EXERCISE MATERIALS |
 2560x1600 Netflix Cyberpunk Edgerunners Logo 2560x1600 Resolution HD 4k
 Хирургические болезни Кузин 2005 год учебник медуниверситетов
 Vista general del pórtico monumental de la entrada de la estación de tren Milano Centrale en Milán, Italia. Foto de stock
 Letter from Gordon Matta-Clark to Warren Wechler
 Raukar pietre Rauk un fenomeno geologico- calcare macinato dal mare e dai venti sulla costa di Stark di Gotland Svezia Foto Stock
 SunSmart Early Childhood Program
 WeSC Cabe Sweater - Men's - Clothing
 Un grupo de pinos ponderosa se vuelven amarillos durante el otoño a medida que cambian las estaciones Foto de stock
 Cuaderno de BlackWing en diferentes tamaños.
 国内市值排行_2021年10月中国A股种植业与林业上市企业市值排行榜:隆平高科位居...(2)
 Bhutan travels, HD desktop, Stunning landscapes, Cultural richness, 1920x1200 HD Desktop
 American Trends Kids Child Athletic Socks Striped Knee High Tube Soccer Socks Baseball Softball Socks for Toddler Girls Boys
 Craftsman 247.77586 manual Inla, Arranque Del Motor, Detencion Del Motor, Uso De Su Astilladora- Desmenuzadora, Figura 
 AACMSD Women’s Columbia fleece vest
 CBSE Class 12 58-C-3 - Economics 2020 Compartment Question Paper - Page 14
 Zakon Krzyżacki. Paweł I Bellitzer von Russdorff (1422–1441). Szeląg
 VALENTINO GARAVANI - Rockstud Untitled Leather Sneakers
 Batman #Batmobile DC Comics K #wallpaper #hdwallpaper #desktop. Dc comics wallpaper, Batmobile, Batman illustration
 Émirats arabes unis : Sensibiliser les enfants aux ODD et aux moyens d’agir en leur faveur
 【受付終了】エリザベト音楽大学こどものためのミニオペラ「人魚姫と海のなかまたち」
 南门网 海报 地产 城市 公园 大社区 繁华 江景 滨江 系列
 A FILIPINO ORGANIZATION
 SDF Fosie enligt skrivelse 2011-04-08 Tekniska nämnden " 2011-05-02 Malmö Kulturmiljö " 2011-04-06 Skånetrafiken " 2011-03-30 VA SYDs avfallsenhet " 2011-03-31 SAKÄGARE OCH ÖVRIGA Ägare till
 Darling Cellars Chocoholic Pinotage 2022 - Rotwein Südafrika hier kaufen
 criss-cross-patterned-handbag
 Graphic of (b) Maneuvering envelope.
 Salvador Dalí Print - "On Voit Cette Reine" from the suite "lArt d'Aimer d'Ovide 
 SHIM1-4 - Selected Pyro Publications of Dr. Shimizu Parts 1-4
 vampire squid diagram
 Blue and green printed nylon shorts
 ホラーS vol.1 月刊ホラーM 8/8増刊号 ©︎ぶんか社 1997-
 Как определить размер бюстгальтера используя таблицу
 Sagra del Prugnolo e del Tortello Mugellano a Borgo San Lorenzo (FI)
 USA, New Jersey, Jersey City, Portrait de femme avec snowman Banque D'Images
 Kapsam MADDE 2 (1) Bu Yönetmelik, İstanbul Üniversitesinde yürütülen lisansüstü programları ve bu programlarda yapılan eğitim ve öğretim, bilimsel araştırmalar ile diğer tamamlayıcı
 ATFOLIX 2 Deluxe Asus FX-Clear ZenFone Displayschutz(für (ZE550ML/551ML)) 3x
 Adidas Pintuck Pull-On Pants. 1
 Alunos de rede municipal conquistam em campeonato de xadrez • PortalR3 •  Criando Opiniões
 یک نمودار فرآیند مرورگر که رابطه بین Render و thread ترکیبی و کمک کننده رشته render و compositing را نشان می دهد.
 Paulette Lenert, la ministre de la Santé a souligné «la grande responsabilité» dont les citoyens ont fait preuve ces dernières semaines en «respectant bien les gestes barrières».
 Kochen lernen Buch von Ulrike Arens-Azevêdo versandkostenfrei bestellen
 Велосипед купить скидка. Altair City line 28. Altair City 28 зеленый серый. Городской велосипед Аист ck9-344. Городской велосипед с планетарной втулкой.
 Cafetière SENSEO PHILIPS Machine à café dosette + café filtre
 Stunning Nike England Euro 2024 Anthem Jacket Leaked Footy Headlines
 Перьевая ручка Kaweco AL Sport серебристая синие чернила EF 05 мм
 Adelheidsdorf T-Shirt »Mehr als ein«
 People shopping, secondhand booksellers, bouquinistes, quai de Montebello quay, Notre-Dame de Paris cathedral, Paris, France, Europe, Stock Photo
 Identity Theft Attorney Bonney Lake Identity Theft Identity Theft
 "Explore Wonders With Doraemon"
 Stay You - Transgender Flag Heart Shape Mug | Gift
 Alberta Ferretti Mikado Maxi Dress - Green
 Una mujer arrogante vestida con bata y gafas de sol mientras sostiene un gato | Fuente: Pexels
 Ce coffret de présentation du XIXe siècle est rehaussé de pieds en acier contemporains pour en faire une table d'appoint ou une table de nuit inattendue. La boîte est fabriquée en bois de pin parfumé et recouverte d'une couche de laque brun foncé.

WHAT IS REQUIRED |
Copy all lines from the material that include "City".

WRITTEN SOLUTION |
 USA, New Jersey, Jersey City, Portrait de femme avec snowman Banque D'Images
 Велосипед купить скидка. Altair City line 28. Altair City 28 зеленый серый. Городской велосипед Аист ck9-344. Городской велосипед с планетарной втулкой.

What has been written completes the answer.